I haven’t come across anyone writing off traditional approaches to social history. Tanya Evans does not do that in her book. The fact that a new group (or rather, a newly discovered group) of people are doing social history from a new approach does not mean that the work of others is being replaced. Rather, it enriches a shared historical concern.
“Both academic historians and family historians need to be comfortable with uncertainty and ambiguity” says Evans. True of course, but even more so family historians need to be prepared for horrible details to be revealed. Details that the family managed to hush up for generations.
eg1 Grandpa was a bigamist. He left his wife and children in Britain, jumped on board a ship and started family life again with a second wife and new children in the USA. Alas he didn’t bother getting a divorce nor did he send any money to support his first lot of children.
eg2 Great Uncle Fred was gun-running for the republicans in the Spanish Civil War. I am
sympathetic with his politics, but his methods were illegal and dangerous.
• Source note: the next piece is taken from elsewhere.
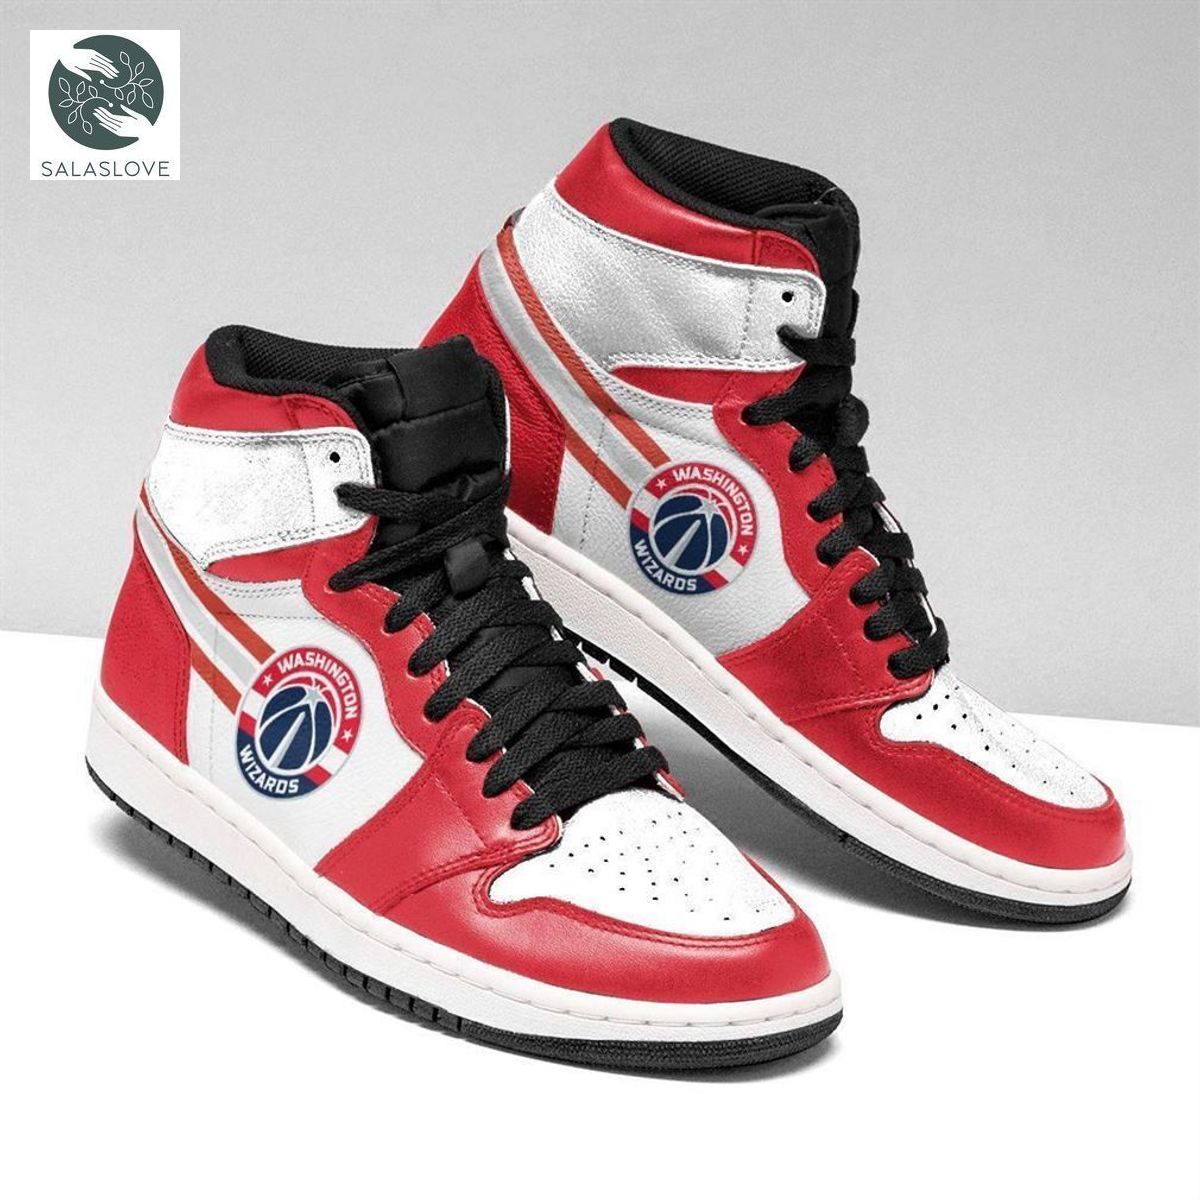 Washington Wizards Nba Sneakers Air Jordan 11

I agree. It can be a shock to be confronted with difficult information about your family. As much as you think you are prepared it still takes some time to digest it. That is what separates family history that is superficial from the kind of family history done by the people in Tanya Evans’ book. The turmoil of the nineteenth and twentieth centuries means that most families have unpleasant issues in their past. It is important that family historians have the honesty and humility to acknowledge these troubling issues to their families – no more secrets. Having said that though, this requires sensitivity on the part of the family historian. Some of these issues have had a significant effect on the lives of people living today. There can be issues of privacy and the psychological well-being concerning those alive today.
Lisa Hill says
“Humility in the face of the ever-shifting knowledge and understanding of evidence has to be the badge of the family historian and the professional historian alike”. This is so true, Yvonne. I’m no professional historian but what bothers me about the whole amateur family history thing is that DNA research and the Kinsey Report tell us that a significant percentage of people don’t have the parents and ancestors that they think they have (presumably because people have reason to lie about extramarital events), and yet amateur historians cling to what’s written about parentage on birth certificates as incontrovertible proof of a pedigree. Statistically speaking, many of them must be wrong.
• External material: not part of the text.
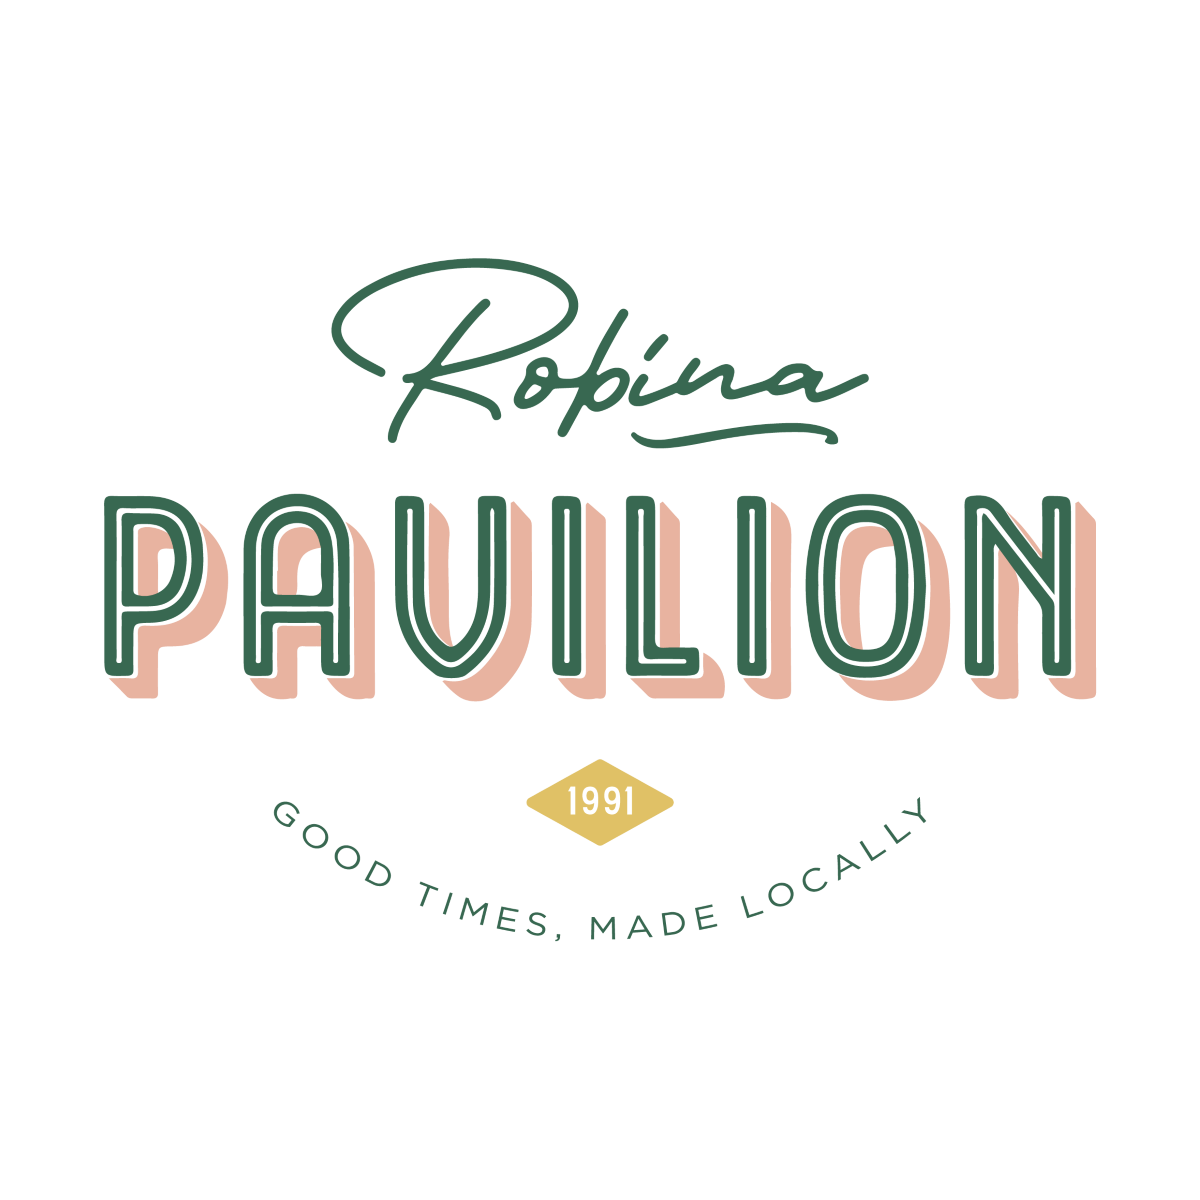 Fitzgibbons Hotels & Leisure, Robina Pavilion Logo

Yes we need to quiz what we think is evidence in history. The family historians in Evans’ book had identified some cases where birth certificates were clearly wrong about parents. Death certificates are well known to be shaky evidence many times. The family historians that I know and who are featured in this book have a good degree of scepticism and test the evidence as much as possible. Just as with every aspect of knowledge (eg health, science) there are people who don’t think and believe anything before them if it is simply and attractively displayed. Family history is no different to this.